The second interesting point is the search for the minimum object that can cross the point. The smaller the object, the faster the check. And more precisely. Quad or R-trees work well for this purpose. But this is not really tube, so let's do it through Z codes.
Z code (N, Morton, Peano) is a number obtained from 2D coordinates (X, Y), such that objects above or to the left will always be able to do it less, and to the right and below - more. Nested set.
In fact, we can simply find all the objects in which one of the criminals knows the Z coordinate more than the desired one, and sort them by Z (the mapbox has a good library that uses this effect - an
earcut ).
Although, if it worked - the name of these codes would be different - Z code is zigzagging. When we try to search “lower and to the right” - it will lead him to the left. It saves here that under the mask of Z (orro) bit interleaving is hidden. You can always get an X or Y coordinate from the Z-code through the mask overlay, and further restrict the search by them ... Well, you can find the “exit” point (LITMAX) from the search region and the “entry point” (BIGMIN) completely
academically . By the way, this is not enough in the earcut.
In principle, using “spatial filling curves” is one of the most effective ways for 2D search, if you have a regular base with digits. For example, MySQL. Although, I still have the feeling that PostGIS ...
It remains only to load real geometry from the base, and to make more accurate calculations. Various optimizations are possible here, the main one of which is the basis of OSM data - there is no need to check the polygon as a polygon. Polygon is a relation - a set of individual segments. OSM is an almost normal "topological" database. Only small segments can be checked, often common to two likely answers.

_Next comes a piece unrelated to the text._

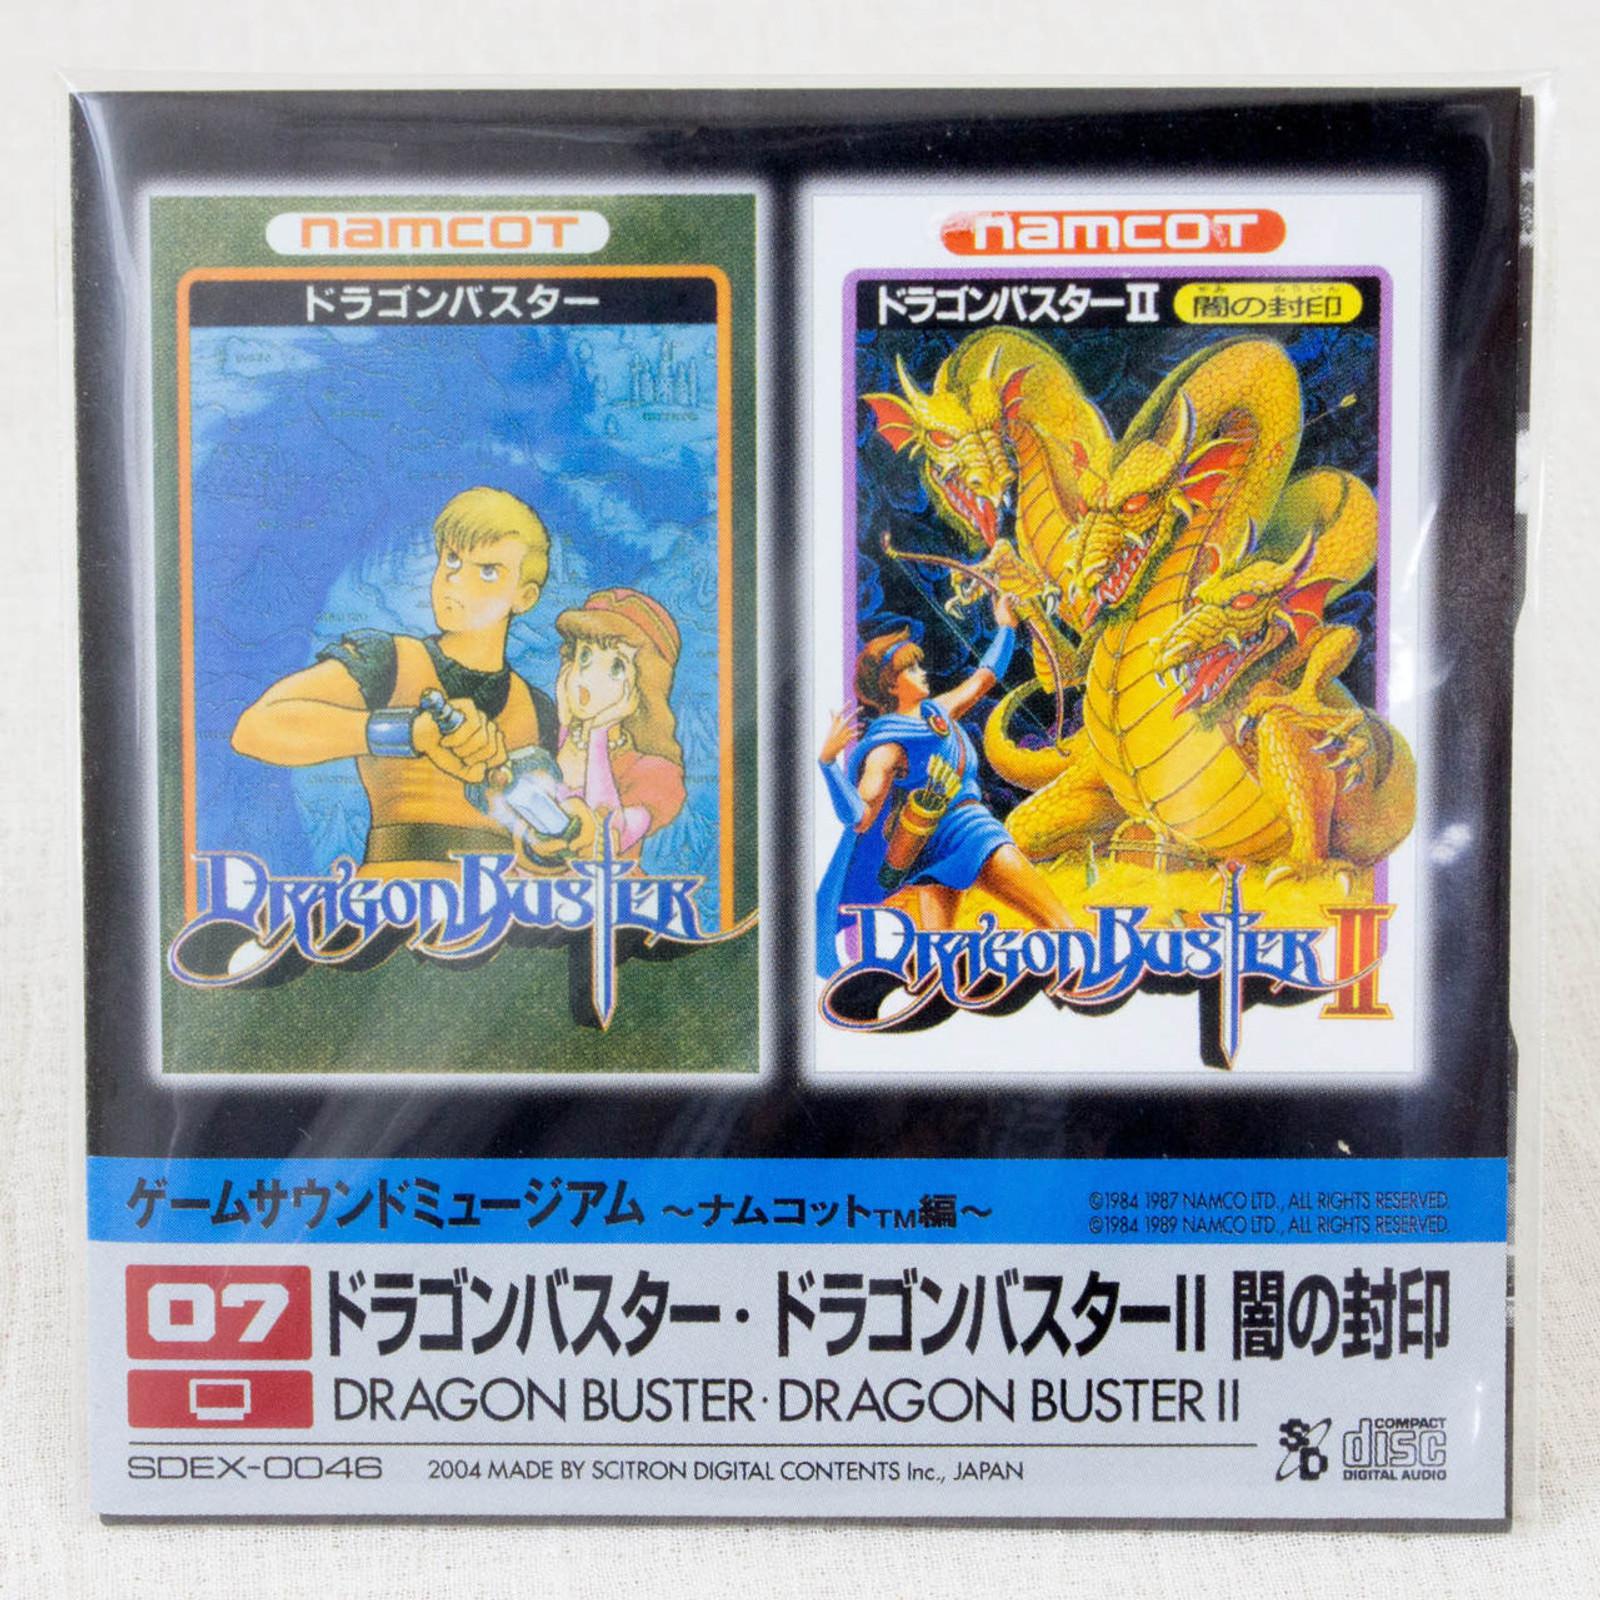 Dragon Buster Game Sound Museum Namco #07 Music 8cm CD JAPAN FAMICOM NINTNEDO
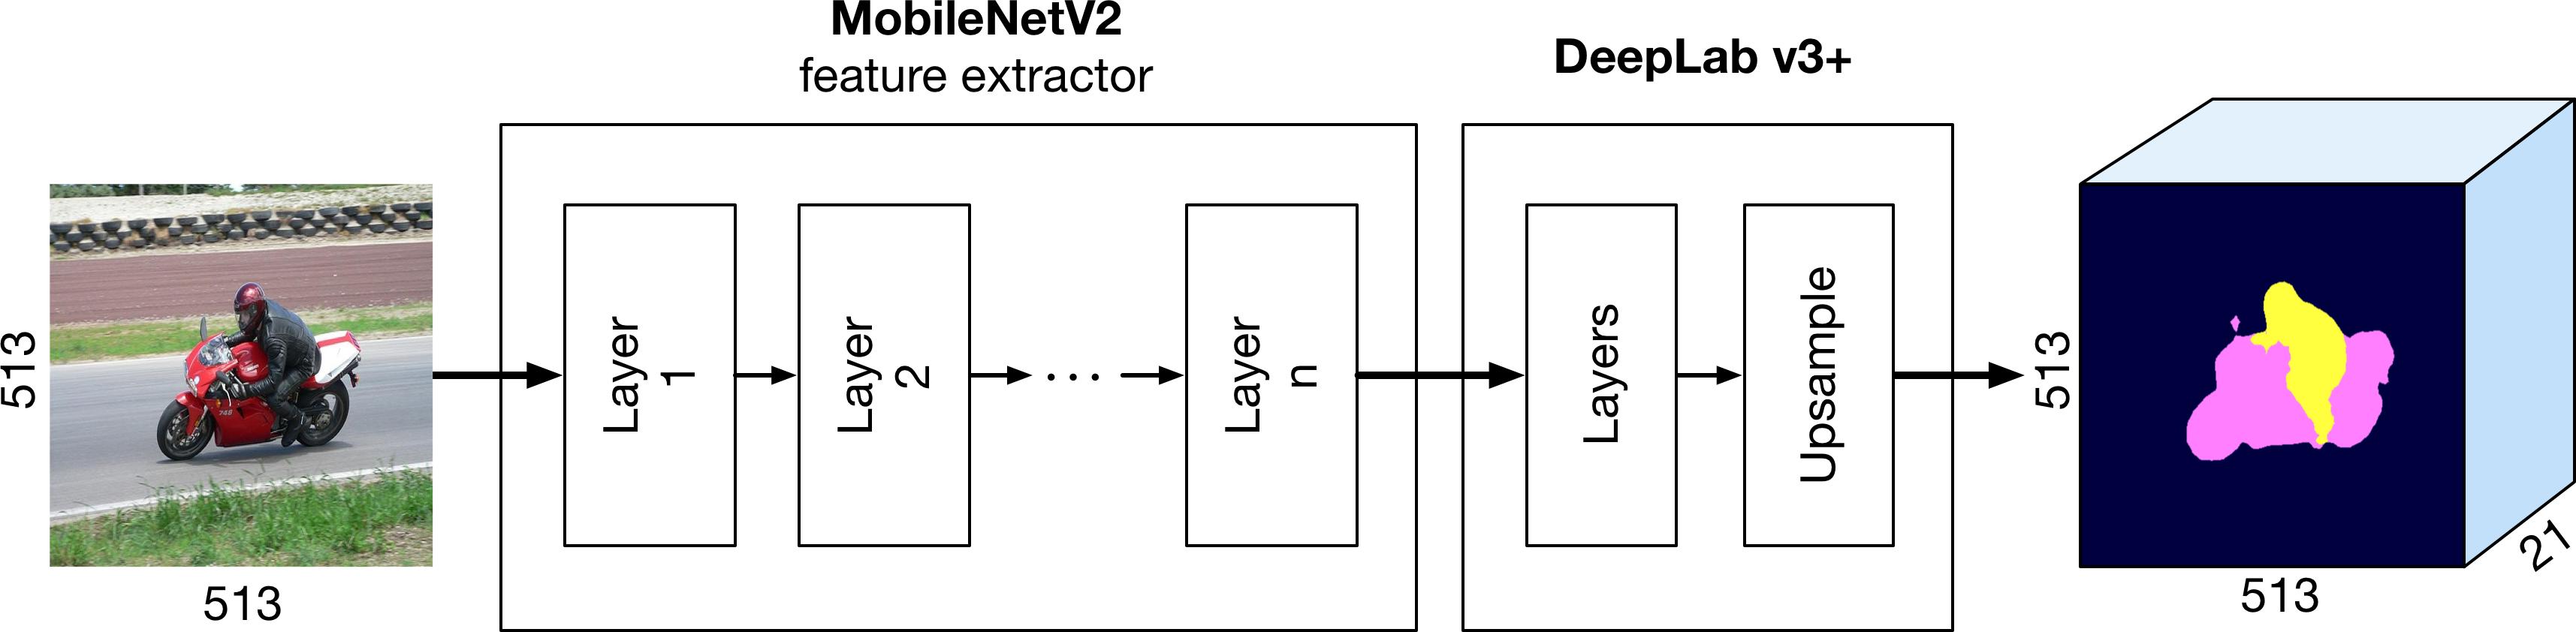 DeepLab on top of MobileNetV2

How fast does it all work? - On a working laptop with concurrency> 10, it turns out about 600RPS. On the battle servers, on the one hand, faster, on the other hand, pings to Germany - 60 ms.
Total in the world has become another reverse geocoder more. It is not like everyone else - it is “verifiable” (the Wikipedia term), gives not only a “textual” description of the location, but also an ID, including from various databases on which to rely. He is not looking for a house, he is not looking for streets - only administrative nesting.
(And only the one that hit the current base. For example, there is no Yekaterinburg, only the urban district.)If you really need a “normal” geckoder, take
Nominatim , which works on top of OSM, or normal geocoders of normal API Maps.
... but then the "spirit of the hunt" will disappear ....If he is alive in you,% username%, then your sacrifice is an example on a feed -
jsfiddle.net/azvjukh8 .
Someone (dadata) such a geocoder may be useful for determining the area of ​​the street. Someone (delivery calculator) to filter locks.
Someone (me) he just allows you to spend your evenings.
Documentation for the response format is available at
https://github.com/esosedi/regions .
You can also read a bit of theory, but practice:
Or collect the gekoder himself:
PS: Restrictions on the sale of alcoholic products were removed on December 18, 2014 (January 5, 2015). Now the Oblast has federal regulations. But this news did not reach the shops in Podolsk, as it did to me.